Sunday, 26 June 2011

South Africa embraces Mrs. Obama with fervour

"We will welcome you as a child of African heritage, and we can call the Queen of our world," said Ms. Machel, an advocate for women and children, noting that Regina Mundi means Queen in the world in Latin.

The thorny ambivalence that South Africans often show to the United States, which often is understood here as an arrogant superpower, seem to have been suspended for Mrs. Obama. South Africans have embraced it with stirring emotion since it arrived on Monday, and she has been embracing them again one by one, stop after stop.

Both the choreography of her appearances and nationally broadcast speech she gave here on Wednesday, had evoked the commonalities between the struggles of freedom of blacks in South Africa and the United States — an approach that has resonated with South Africans.

In Regina Mundi Church, which was a sanctuary and a hub Organizer for those who struggle against apartheid, as well as black churches in the United States during the civil rights movement, Mrs. Obama told the story of young people of both countries "that marched until his feet were raw, who suffered beatings and bullets and decades behind bars, who risked and sacrificed everything they had for the freedom they deserve".

"It is because of them," she said, "that" I stand here before you as first lady of the United States of America.

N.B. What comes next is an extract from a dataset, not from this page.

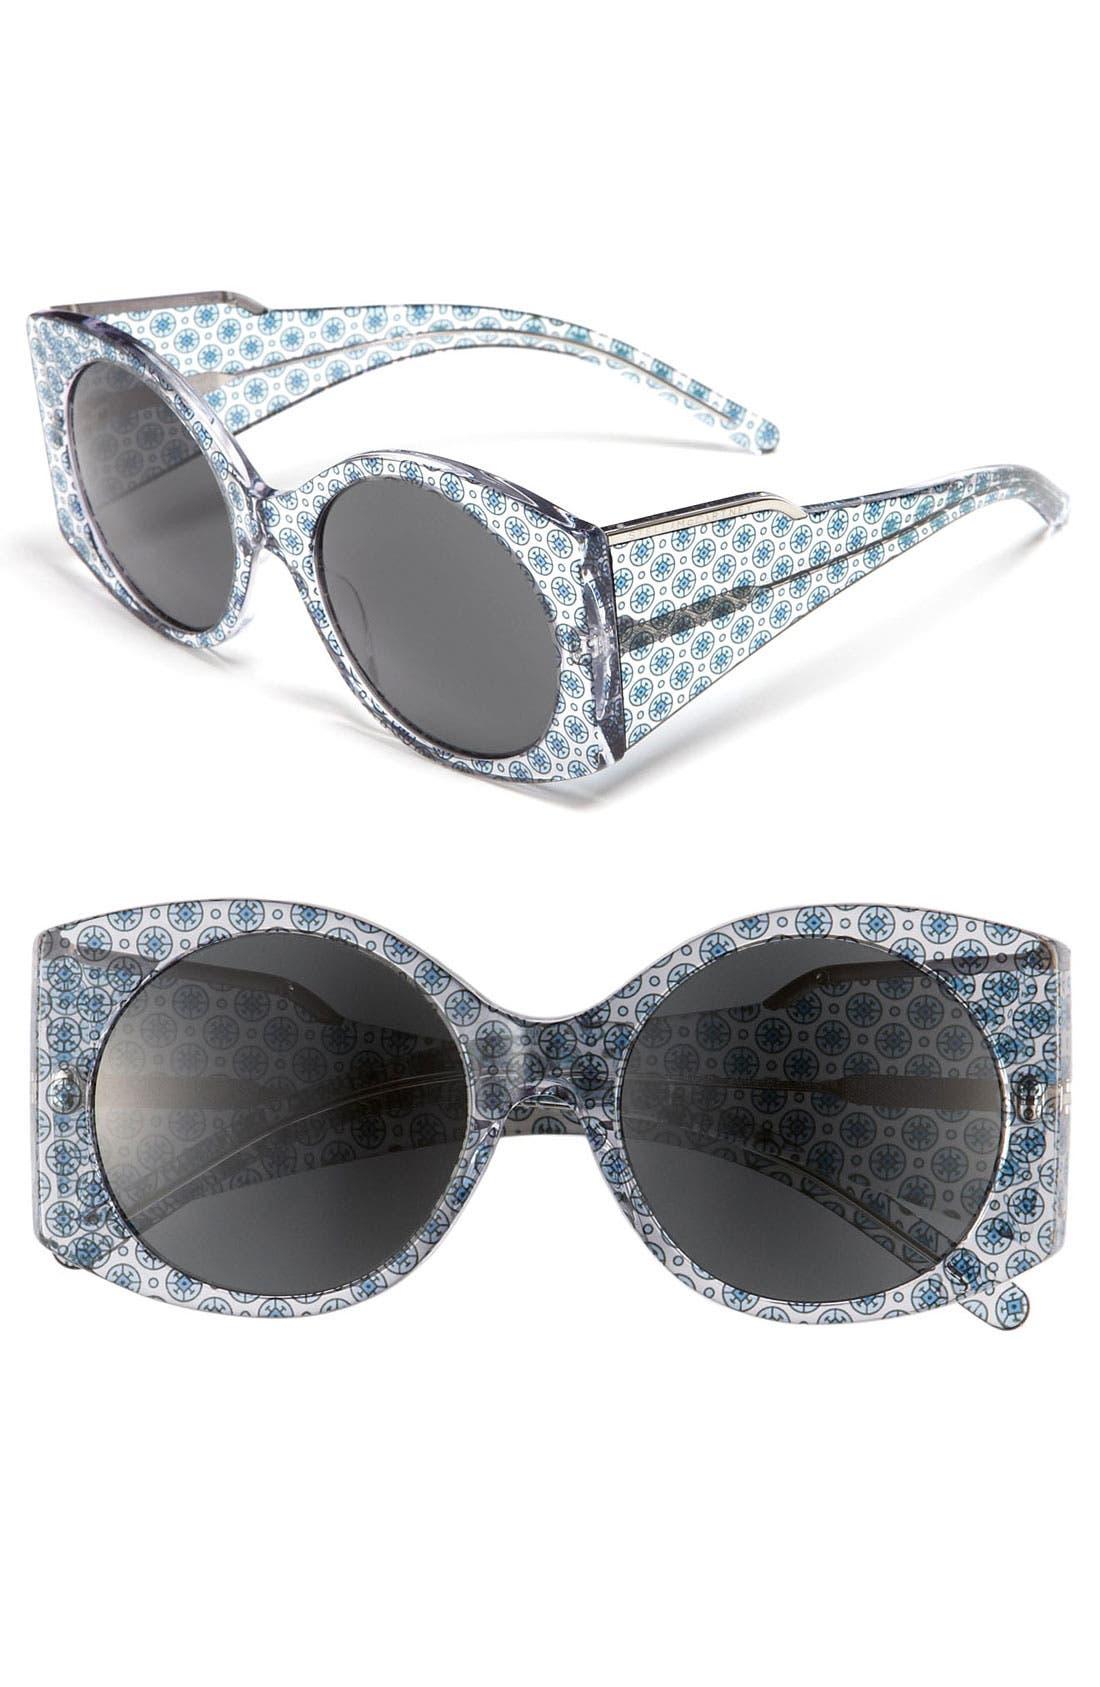 Main Image - Stella McCartney 'Summer Runway Collection' Sunglasses

Donald Gips, the American Ambassador, who has cultivated friendships with a wide range of South Africans said to believe that the visit of Ms. Obama would contribute to a warming of relations between the main democracy United States and Africa.

"When I talk to people in Government, business and civil society, there is an incredible love for President Obama and first lady," he said. "This trip has solidified that."

The distrust between South Africa and the United States dates back to the cold war, when the African National Congress, South Africa's Liberation Movement, found refuge and support in the Soviet Union, while President Ronald Reagan condemned "to armed Soviet guerrillas of the African National Congress," who said, "have started new acts of terrorism."

But even after the end of apartheid, were years of tension over South Africa's approach to AIDS under former President Thabo Mbeki, who resisted the wide distribution of drugs of lifeguards and questioned the disability as the cause of the disease. American administrations also criticised what they saw as Mr. Mbeki coddling of Robert Mugabe, the autocrat in neighbouring Zimbabwe.

But the current President of South Africa, Jacob Zuma, has changed the direction of the country about AIDS, pressing a major expansion of treatment for those with the disease. He is also taking a harder line with Mr. Mugabe, 87, pushing for the strengthening of the institutions that enable fair elections.

Be the first African-American in the White House has not hurt relations between the United States and South Africa, too.

In his visit, Mrs. Obama honored in Word and deed more heroic vision of South Africa itself — as the country that made a peaceful transition from white minority rule to black majority rule for 17 years.

On Tuesday morning, Gips SR. and his wife, Elizabeth, received 100 guests — "the crème de la crème of South Africa," as a guest described them — to meet Mrs. Obama in the Ambassador's residence in Pretoria.

Mrs. Obama spoke to each guest individually, the gifts, he said. Several guests have said that they were touched that Mrs. Obama cited Albertina Sisulu, a beloved mother of civilian movement who died this month to 92 years of age. And they laughed when she told them her husband was "pouty" that he had been unable to come to South Africa with it.

"People are fascinated by the fact that we have a black woman first lady," said Jay Naidoo, a member of Cabinet in the first Government of Mr. Nelson Mandela, who became a businessman and is now a philanthropist. "There is a fascination that a black couple is in the White House. It's unbelievable. "

Later Tuesday, Mrs. Obama visited the apartheid Museum and the Nelson Mandela Foundation, where Ms. Machel showed Mrs. Obama, his daughters, Malia and Sasha and her mother, Marian Robinson, Mr. Mandela letters and memorabilia.

Only later, Mr. Nelson Mandela, 92 and in frail health, granted Mrs. Obama and his sons a rare audience. Sello Hatang, a spokesman for the Nelson Mandela Foundation, described the visit as a courtesy call that included an exchange of pleasantries.

Most of the major roles of featured pictures of the front page on Wednesday of a smiling Mrs. Obama, chic in a red j.crew suit and bare legs, sloping shoulder to shoulder with a smiling Mandela Mr..

"He looked strong, he looked good, he looked ... happy," she told reporters who traveled with her to the United States.

In his speech in Regina Mundi Church, Mrs. Obama called on the youth of Africa to take on contemporary injustices that "are no less blatant" than past evils — hunger, disease, domestic violence.

And she celebrated young women who have sacrificed so that they believed: Robyn Kriel, a journalist from Zimbabwe, who was beaten and harassed by writing about corruption and human rights violations; and Grace Nanyonga, a Ugandan orphan who began cooking fish and sell them at age 13 to support her six brothers.

"Hey Grace," Mrs. Obama called. "You go, girl!"